Видите ли: хоть я и заявил выше (и, может быть, слишком
поспешно), что объясняться, извиняться и оправдывать героя моего не стану, но
вижу, что нечто все же необходимо уяснить для дальнейшего понимания рассказа.
Вот что скажу: тут не то чтобы чудеса. Не легкомысленное в своем нетерпении
было тут ожидание чудес. И не для торжества убеждений каких-либо понадобились
тогда чудеса Алеше (это-то уже вовсе нет), не для идеи какой-либо прежней,
предвзятой, которая бы восторжествовала поскорей над другою, – о нет, совсем
нет: тут во всем этом и прежде всего, на первом месте, стояло пред ним лицо, и
только лицо, – лицо возлюбленного старца его, лицо того праведника, которого он
до такого обожания чтил. То-то и есть, что вся любовь, таившаяся в молодом и
чистом сердце его ко «всем и вся», в то время и во весь предшествовавший тому
год, как бы вся временами сосредоточивалась, и может быть даже неправильно,
лишь на одном существе преимущественно, по крайней мере в сильнейших порывах
сердца его, – на возлюбленном старце его, теперь почившем. Правда, это существо
столь долго стояло пред ним как идеал бесспорный, что все юные силы его и все
стремление их и не могли уже не направиться к этому идеалу исключительно, а
минутами так даже и до забвения «всех и вся». (Он вспоминал потом сам, что в
тяжелый день этот забыл совсем о брате Дмитрии, о котором так заботился и
тосковал накануне; забыл тоже снести отцу Илюшечки двести рублей, что с таким
жаром намеревался исполнить тоже накануне.) Но не чудес опять-таки ему нужно
было, а лишь «высшей справедливости», которая была, по верованию его, нарушена
и чем так жестоко и внезапно было поранено сердце его. И что в том, что
«справедливость» эта, в ожиданиях Алеши, самим даже ходом дела, приняла форму
чудес, немедленно ожидаемых от праха обожаемого им бывшего руководителя его? Но
ведь так мыслили и ожидали и все в монастыре, те даже, пред умом которых
преклонялся Алеша, сам отец Паисий например, и вот Алеша, не тревожа себя
никакими сомнениями, облек и свои мечты в ту же форму, в какую и все облекли.

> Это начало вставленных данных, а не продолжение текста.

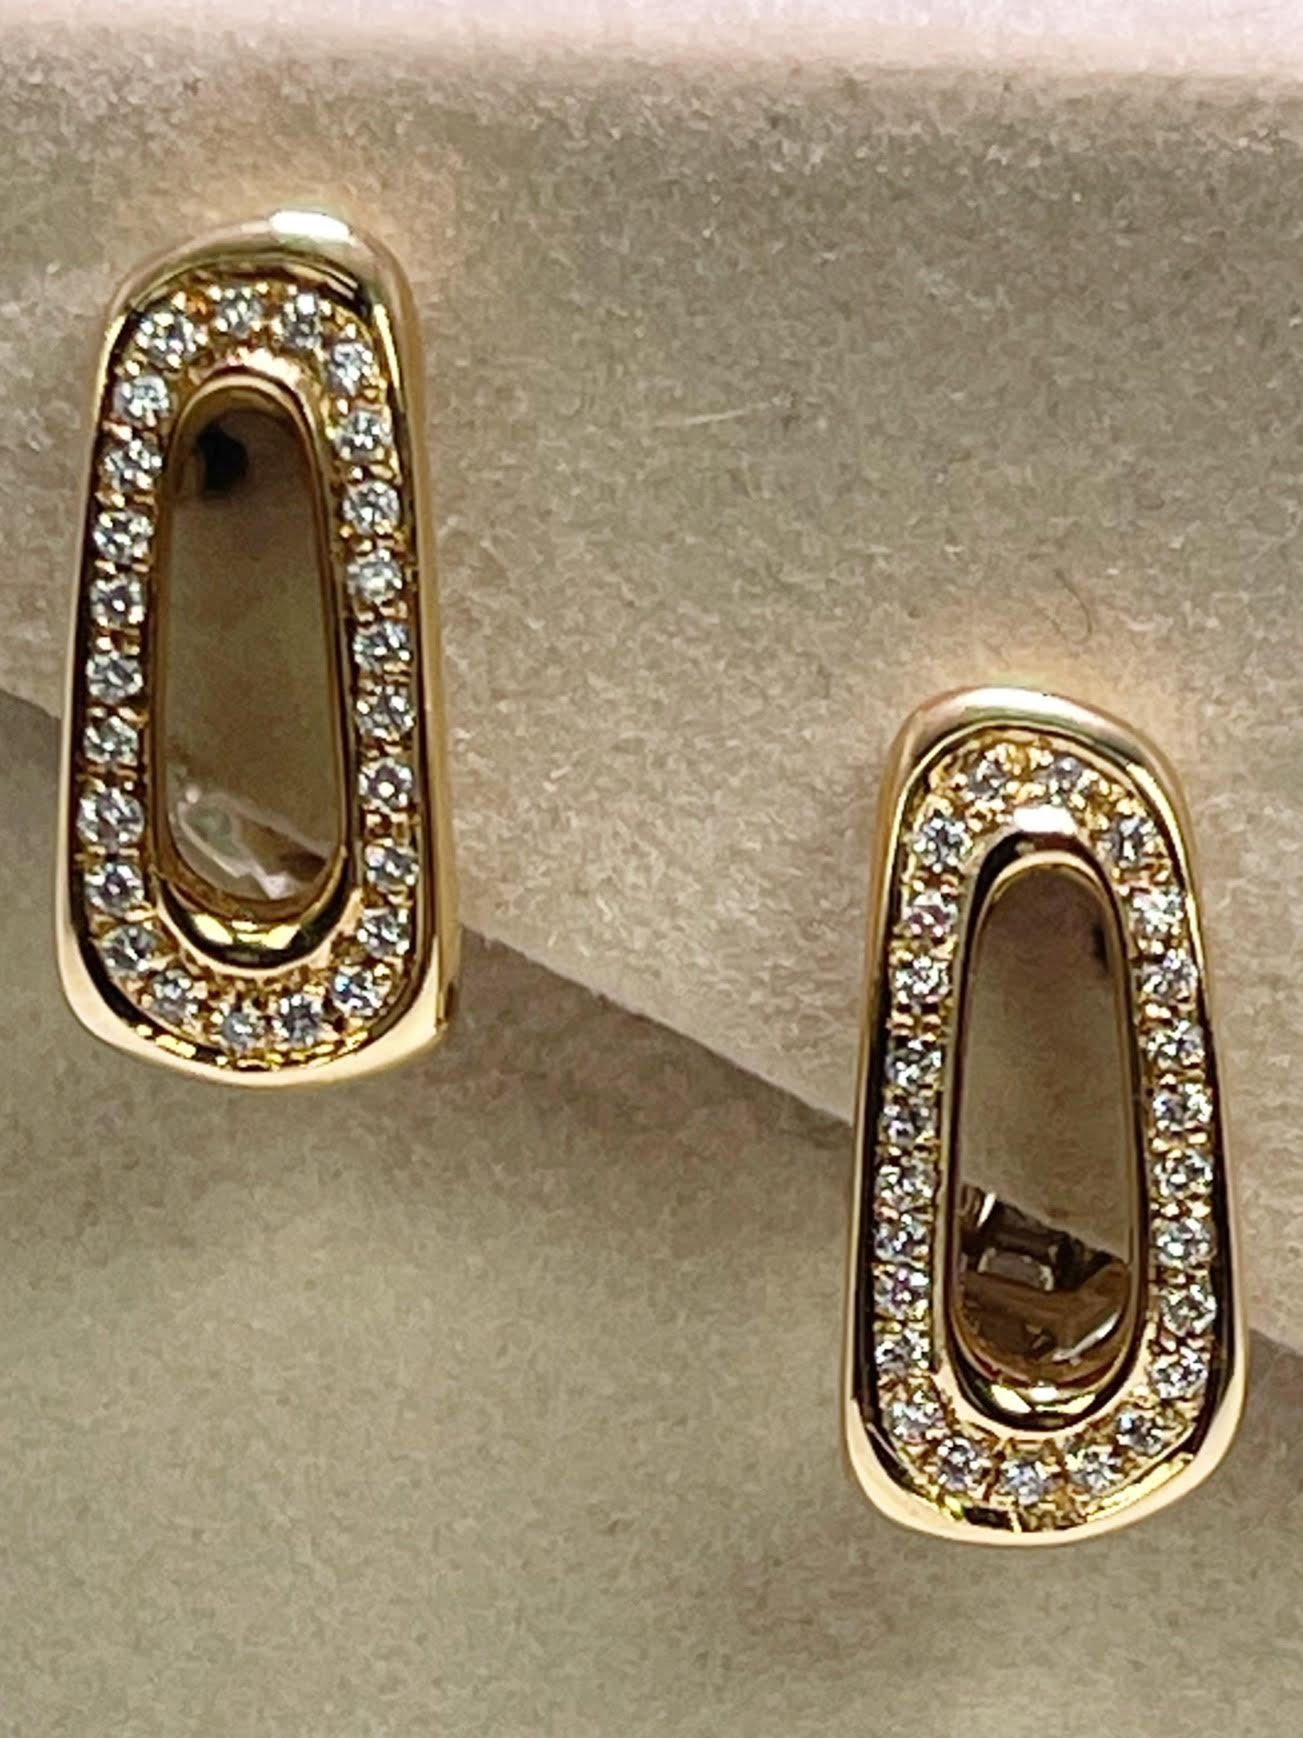 Atemberaubende Antonini Nachlass Ohrringe mit natürlichen Diamanten in 18KT Gelbgold gemacht. Die Rückseite ist ein sicherer und bequemer Omega-Verschluss.
Die Ohrringe werden mit einer Schachtel und einem Echtheitszertifikat geliefert. Die Ohrringe

Да и давно уже это так устроилось в сердце его, целым годом монастырской жизни
его, и сердце его взяло уже привычку так ожидать. Но справедливости жаждал,
справедливости, а не токмо лишь чудес! И вот тот, который должен бы был, по
упованиям его, быть вознесен превыше всех в целом мире, – тот самый вместо
славы, ему подобавшей, вдруг низвержен и опозорен! За что? Кто судил? Кто мог
так рассудить? – вот вопросы, которые тотчас же измучили неопытное и
девственное сердце его. Не мог он вынести без оскорбления, без озлобления даже
сердечного, что праведнейший из праведных предан на такое насмешливое и злобное
глумление столь легкомысленной и столь ниже его стоявшей толпе. Ну и пусть бы
не было чудес вовсе, пусть бы ничего не объявилось чудного и не оправдалось
немедленно ожидаемое, но зачем же объявилось бесславие, зачем попустился позор,
зачем это поспешное тление, «предупредившее естество», как говорили злобные
монахи? Зачем это «указание», которое они с таким торжеством выводят теперь
вместе с отцом Ферапонтом, и зачем они верят, что получили даже право так
выводить? Где же провидение и перст его? К чему сокрыло оно свой перст «в самую
нужную минуту» (думал Алеша) и как бы само захотело подчинить себя слепым,
немым, безжалостным законам естественным?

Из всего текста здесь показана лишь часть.